Supplied information:
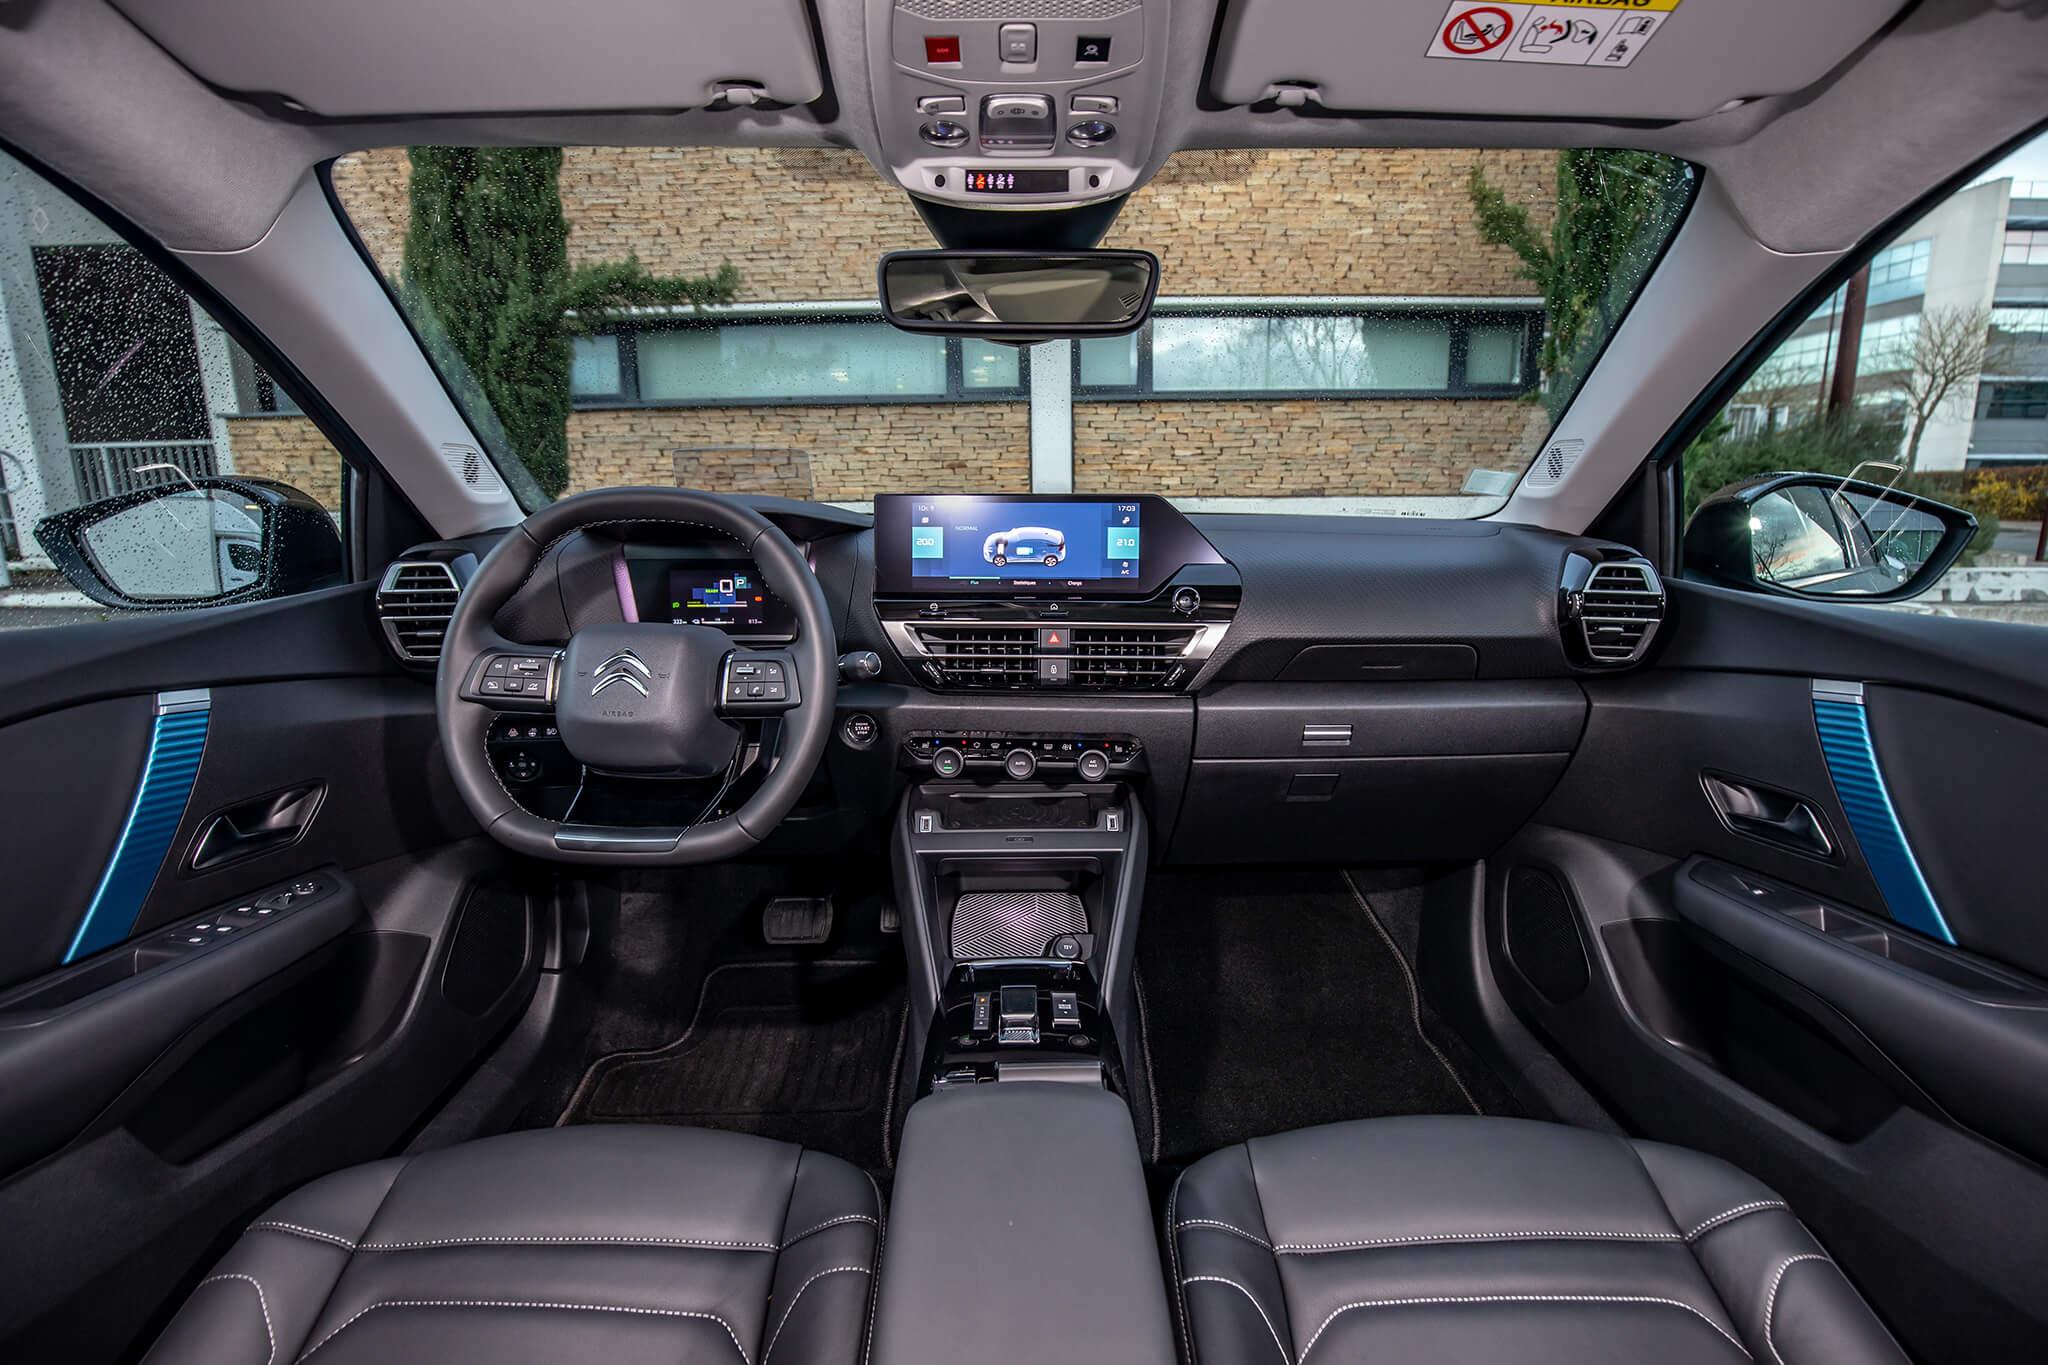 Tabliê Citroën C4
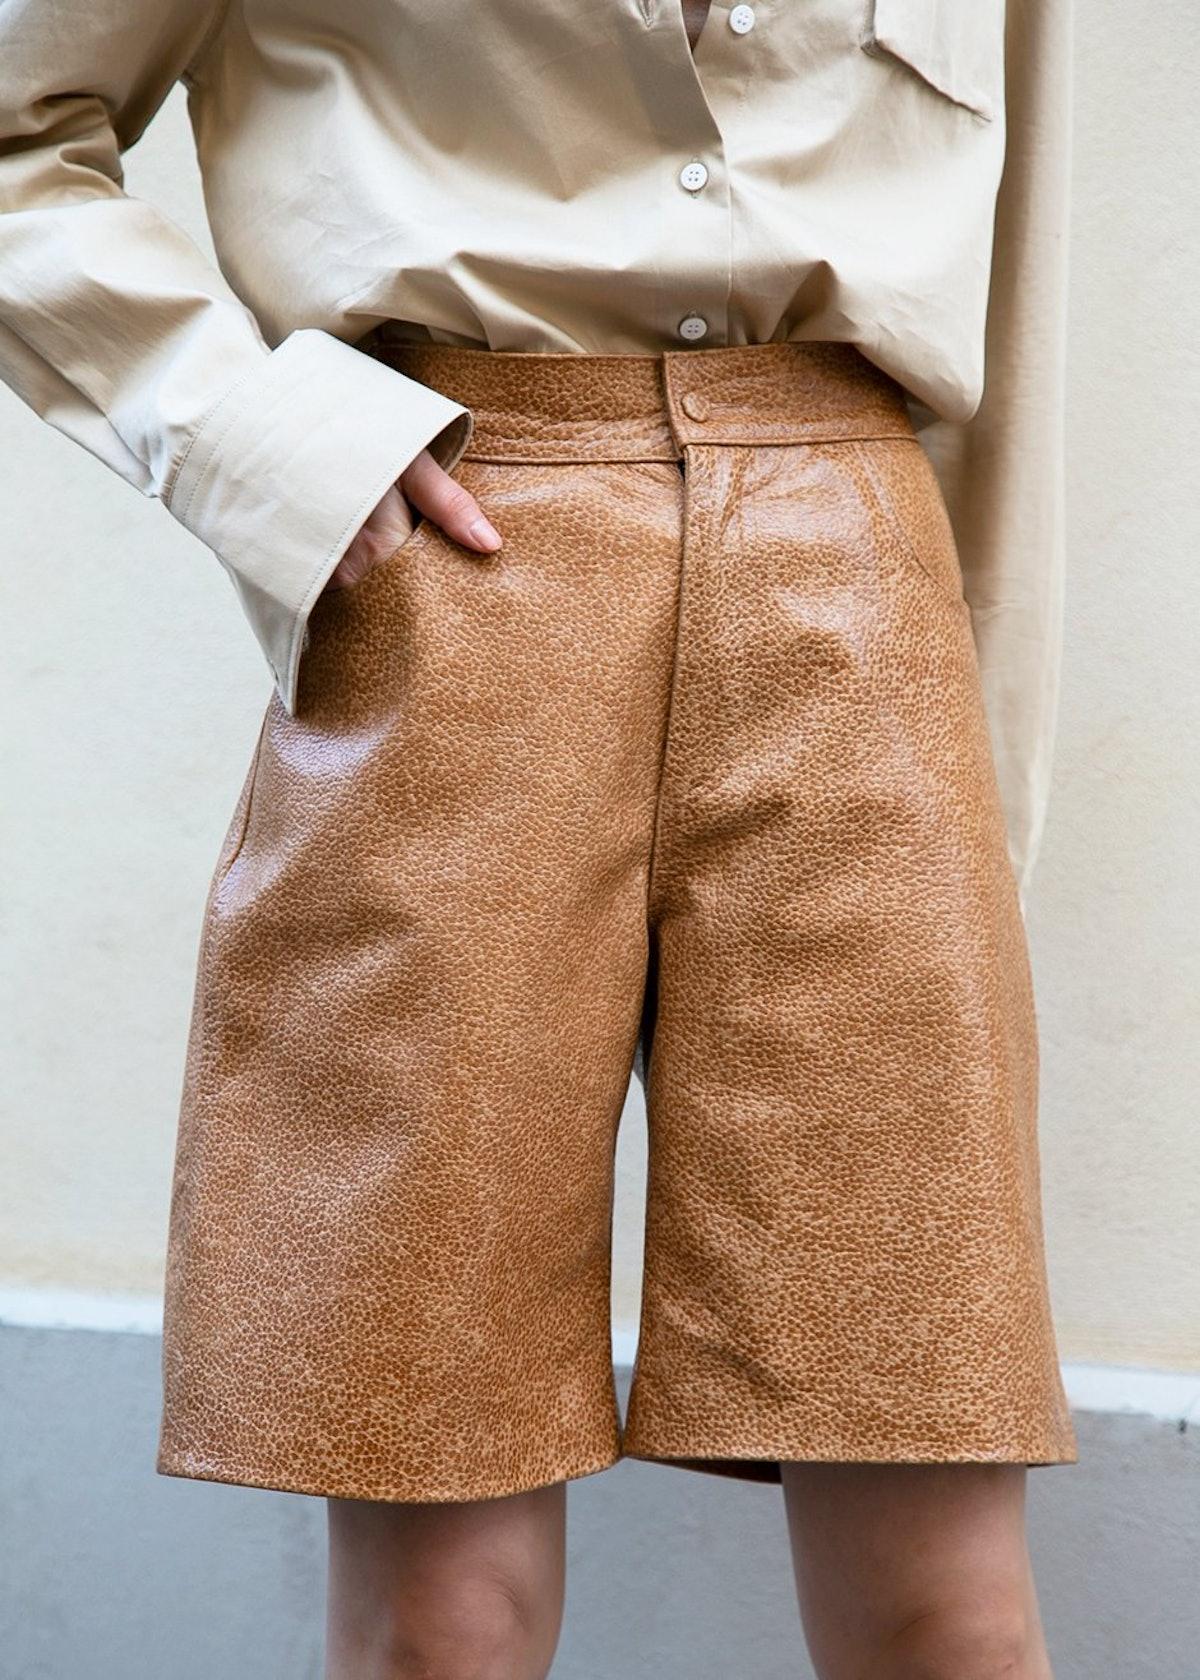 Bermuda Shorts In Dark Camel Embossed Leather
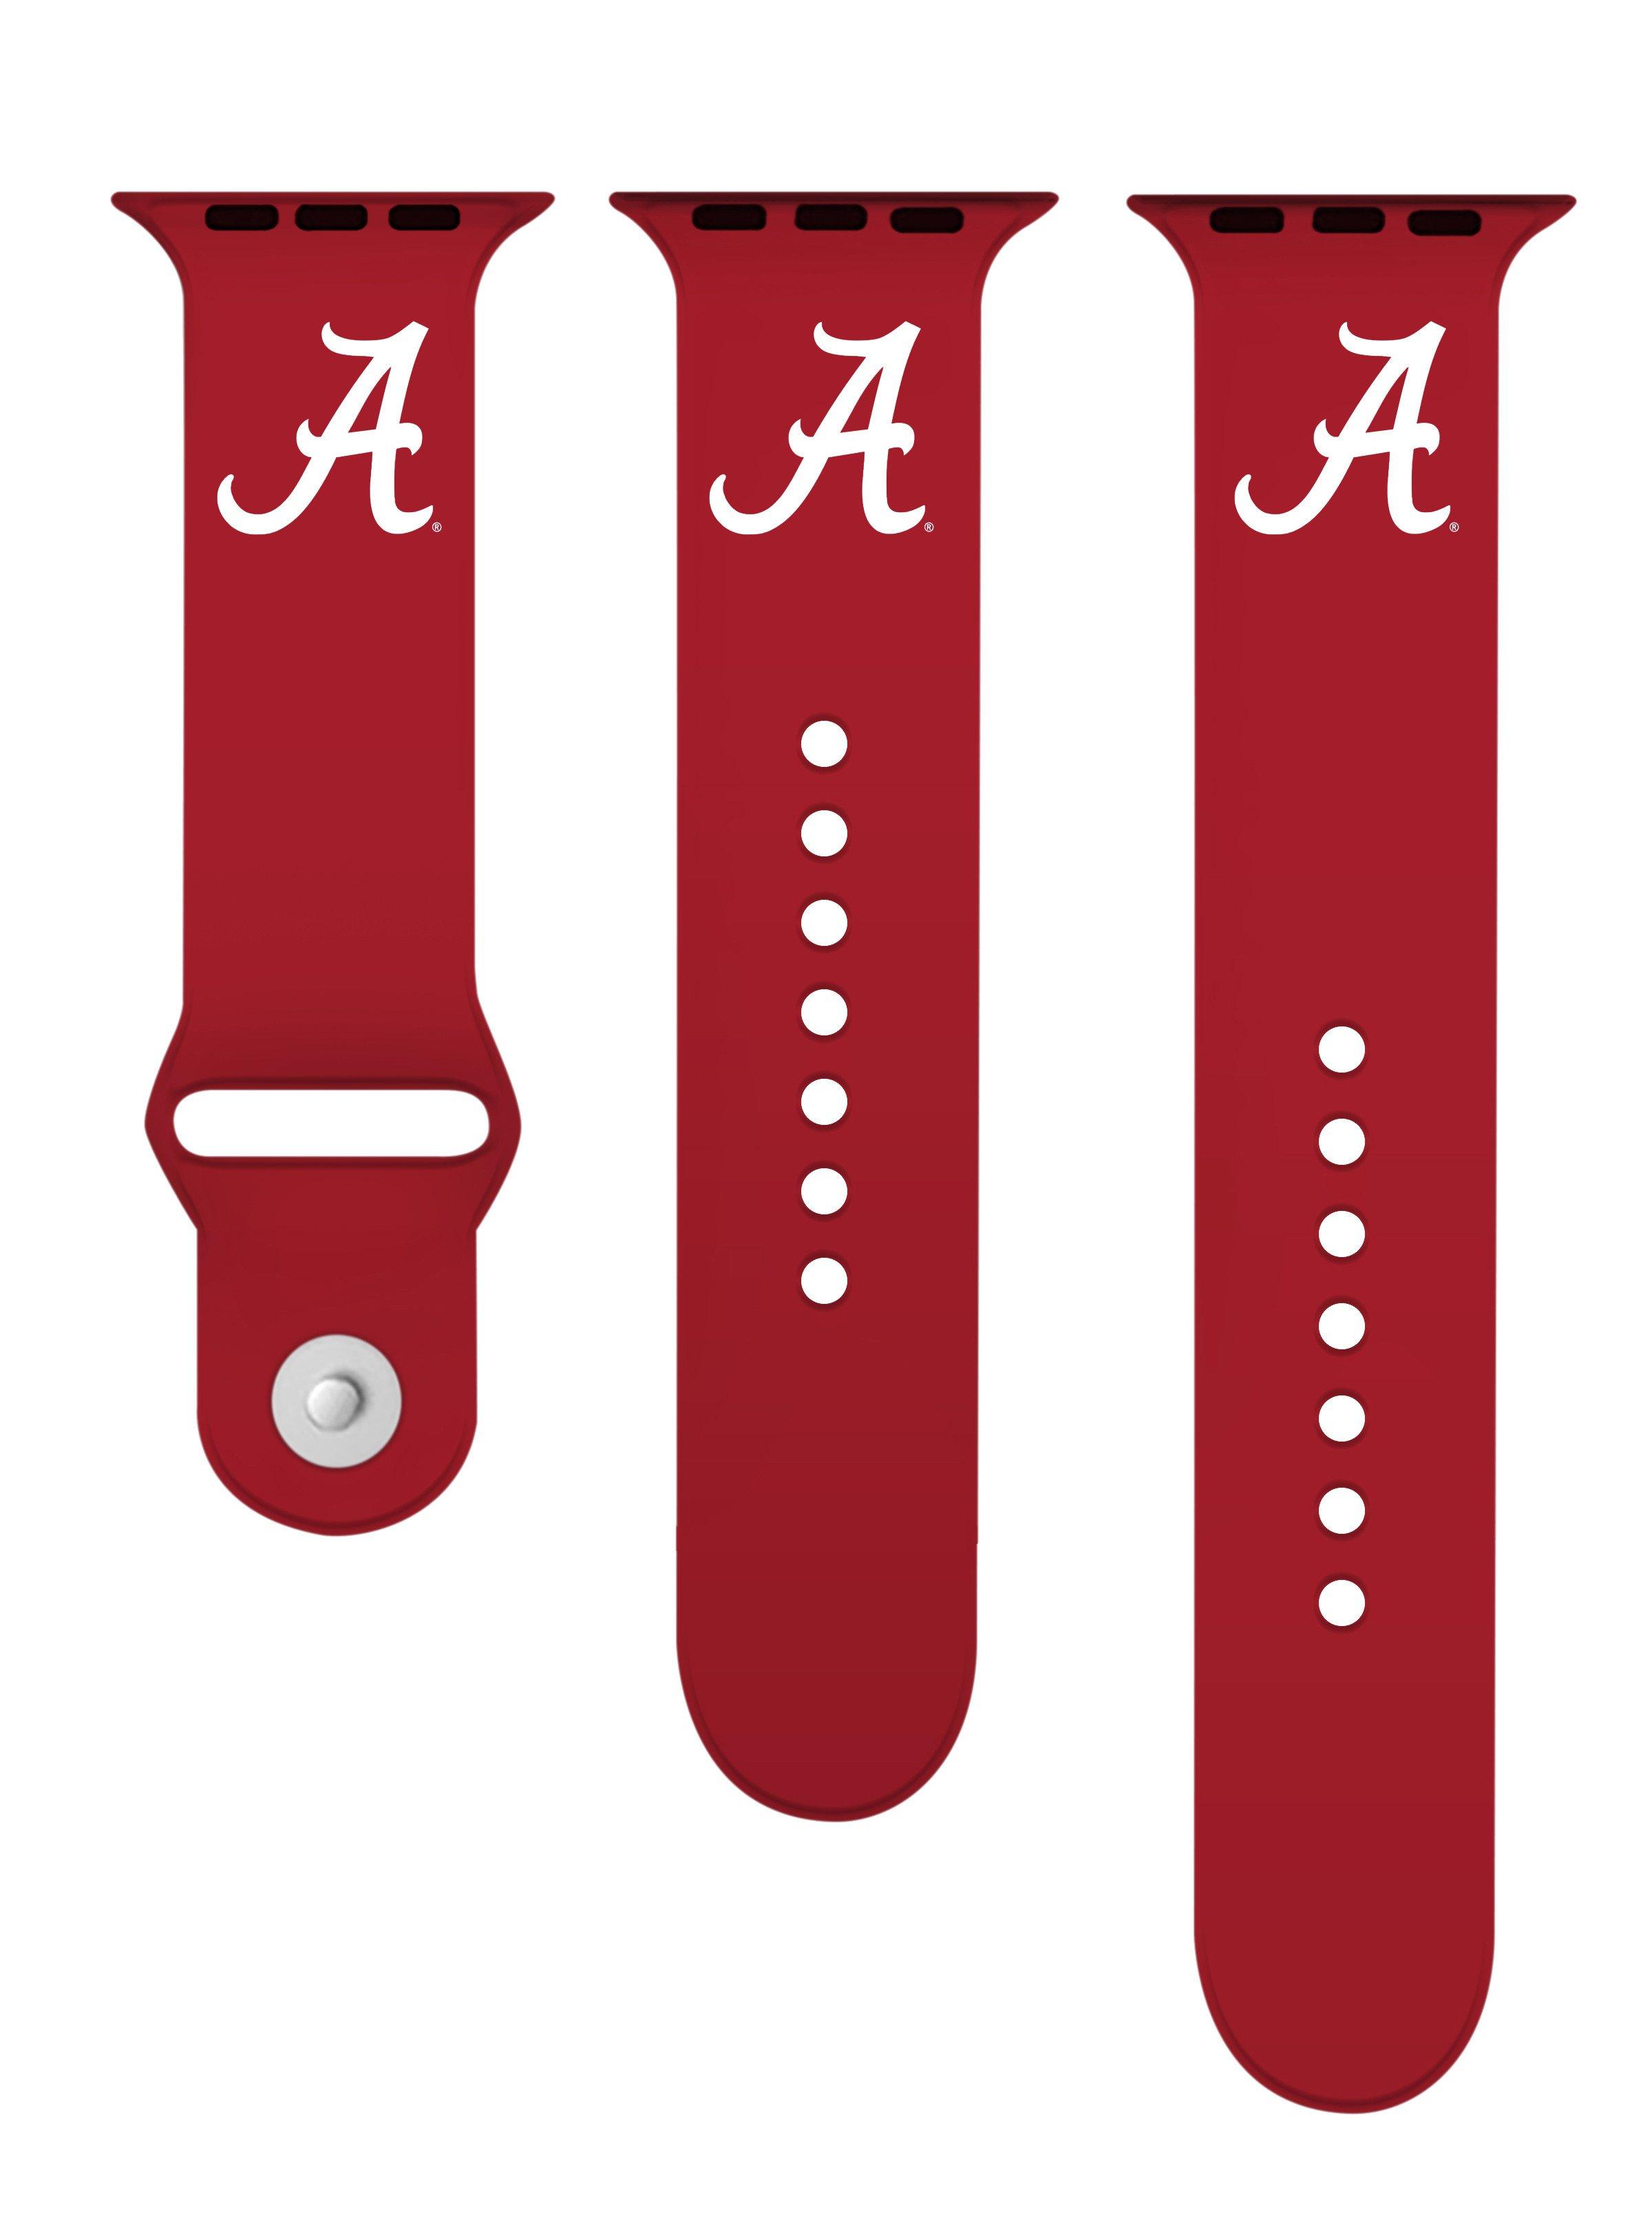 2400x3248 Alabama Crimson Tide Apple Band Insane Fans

Exercise goal: All lines from the line with "Bermuda Shorts In" through the final line of the listing are to be printed exactly, both ends included; the pictures are not.

Reply to the task:
 Bermuda Shorts In Dark Camel Embossed Leather
 2400x3248 Alabama Crimson Tide Apple Band Insane Fans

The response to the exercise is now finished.